Now we study the distribution of a fastest strong stationary time for a strongly ergodic birth and death process. A strong stationary time (SST) is a randomized stopping time τ for (X _t ) such that X _τ has the distribution π and is independent of τ.

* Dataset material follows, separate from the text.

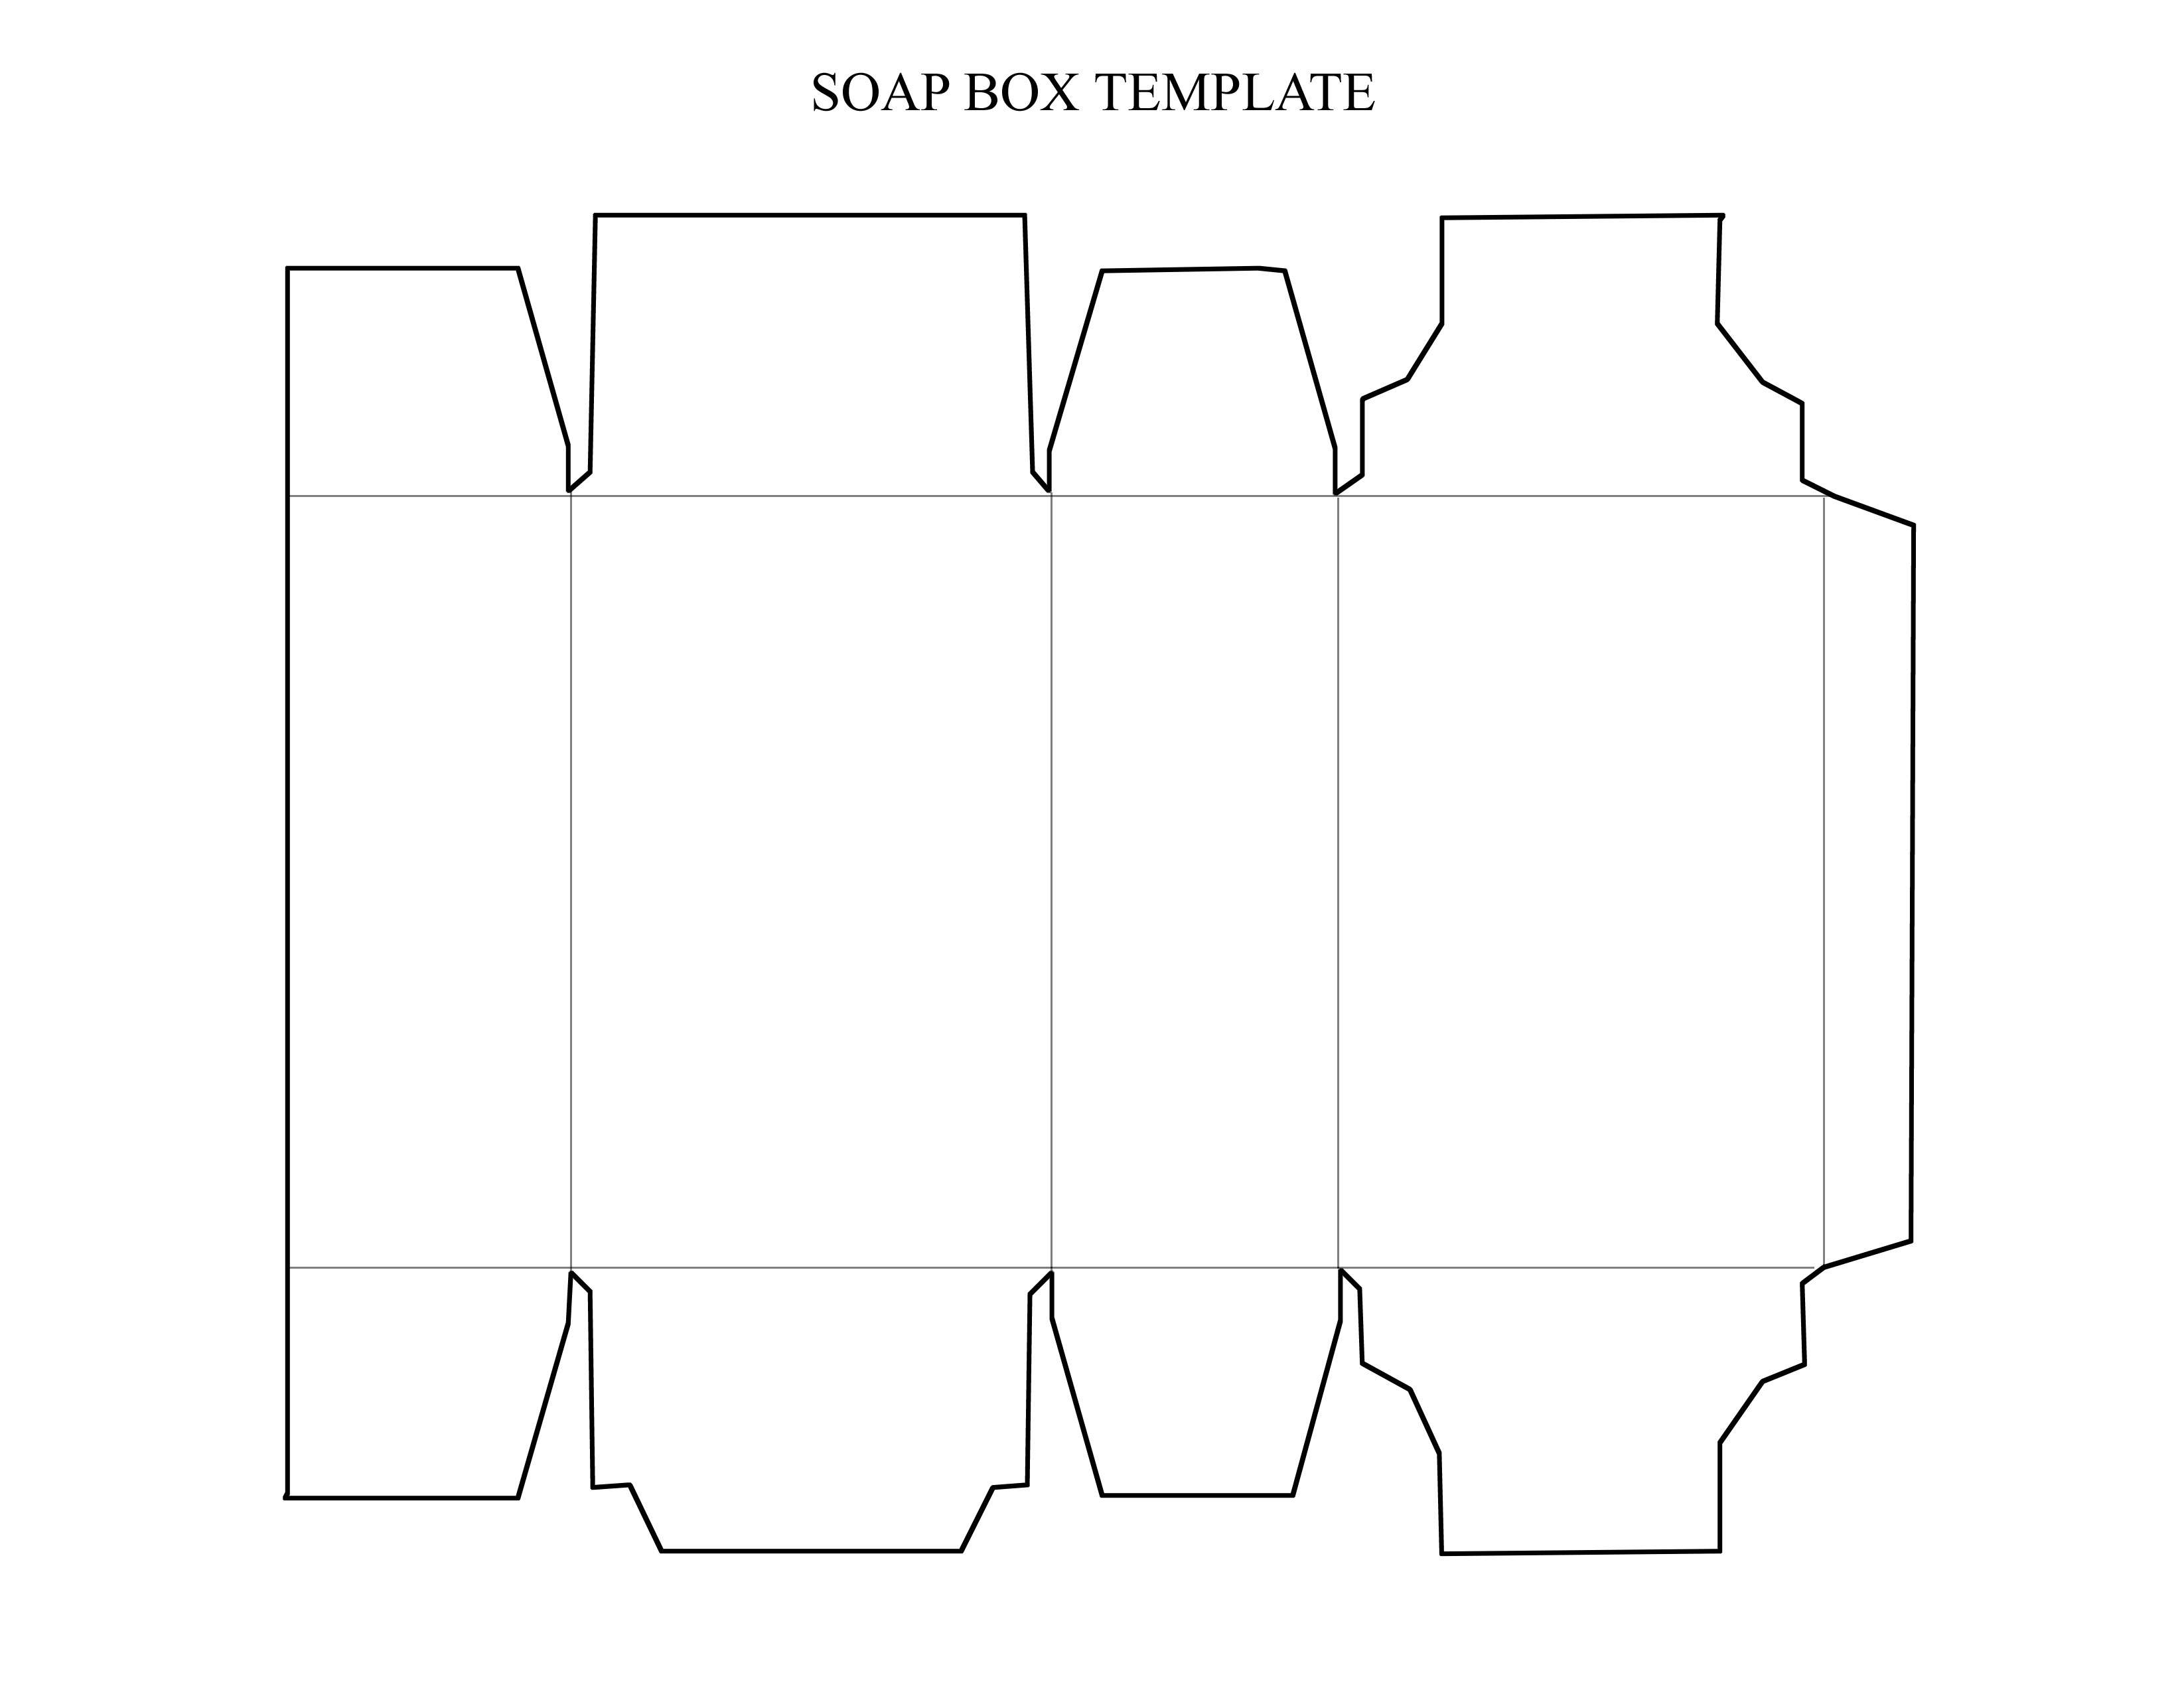 templates soapbox template

With the aid of Theorem 4.6 and a duality established in [9], we can obtain the following result, which extends the result in [11, Theorem 1.4(a)] in the special case of a birth and death chain to the denumerable case.

Theorem 6.2

For a strongly ergodic birth and death process (i.e., R=∞,S<∞) started at state 0, any fastest SST τ has distribution

$$\mathbb{E}e^{-s\tau}=\prod_{\nu=1}^\infty \frac{\lambda_\nu }{s+\lambda_\nu },\quad s\ge0, $$

where {λ _ν :ν≥1} are the positive eigenvalues of −Q, and Q is the generator in (1.1).

Proof

We follow an argument in [9, Sect. 3.3] with minor modifications. Let

$$H_i:=\sum_{j\le i}\mu_j,\quad i=0,1,2,\ldots. $$

Then 1=H ₀≤H _i ≤∑ _k μ _k =μ<∞ for i=0,1,2,… .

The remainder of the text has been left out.